Physics for Scientists and Engineers: A Strategic Approach with Modern Physics (3rd Edition)

a) Isochoric process b) $T_{1}$ = 336$^{\circ}$C and $T_{2}$ = 1556$^{\circ}$C
a) From the figure, it can be seen that volume remains constant. Therefore it can be concluded that this is an Isochoric process (Vertical line). b) What we have: number of moles (n) = 0.0040 mol From the figure, we can see that the initial volume $V_{1}$ = $200cm_{3}$ and the initial pressure $p_{1}$ = 1 atm.
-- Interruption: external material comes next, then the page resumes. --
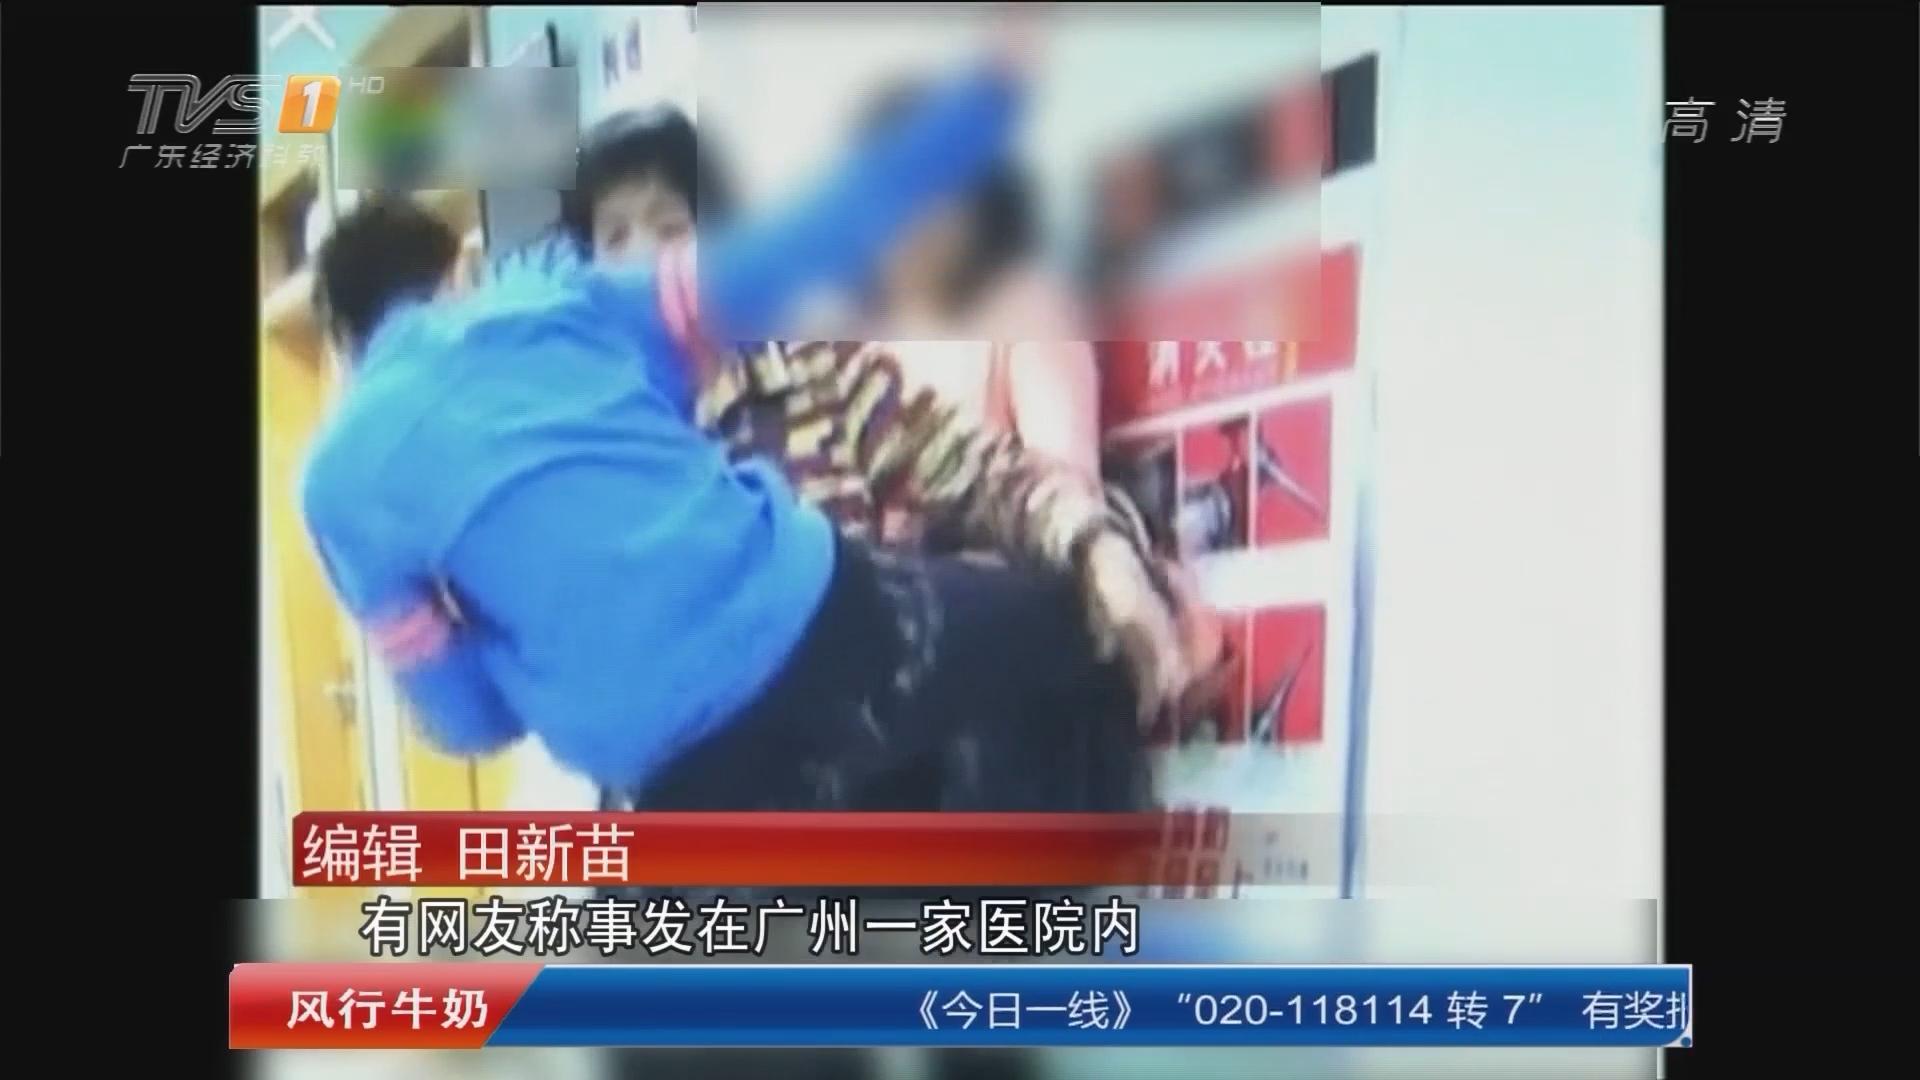 广州:男孩5次飞踹亲妈 只因不让玩手机?

Before we can use the ideal gas law to find initial Temperature ($T_{1}$), we must convert the above to the relevant SI units: n = 0.0040 mol $V_{1}$ = 200$cm_{3}$ = $200\times10^{-6}m^{3}$ $p_{1}$ = 1 atm = $1.013 \times10^{5}Pa$ R is a constant (8.31 J/mol K) Now we can use the ideal gas law: $p_{1}$$V_{1}$ = nR$T_{1}$ So $T_{1}$ = $\frac{p_{1}V_{1}}{nR}$ = $\frac{(1.013\times10^{5})(200\times10^{-6})}{0.0040 \times 8.31}$ = 609.5K. Convert Kelvins (K) to Celsius by subtracting 273: T$^{\circ}C$ = 609.5K - 273 = 336$^{\circ}$C. To calculate the final temperature, we can use $\frac{p_{1}V_{1}}{T_{1}}$ = $\frac{p_{2}V_{2}}{T_{2}}$. Since this is an isochoric process, $V_{1}$ = $V_{2}$. The final temperature $T_{2}$ will be $T_{2}$ = $\frac{p_{2}V_{2}T_{1}}{p_{1}V_{1}}$ = $\frac{3(V_{1})(609.5)}{(1)(V_{1})}$ = 1829 K = 1556$^{\circ}$C.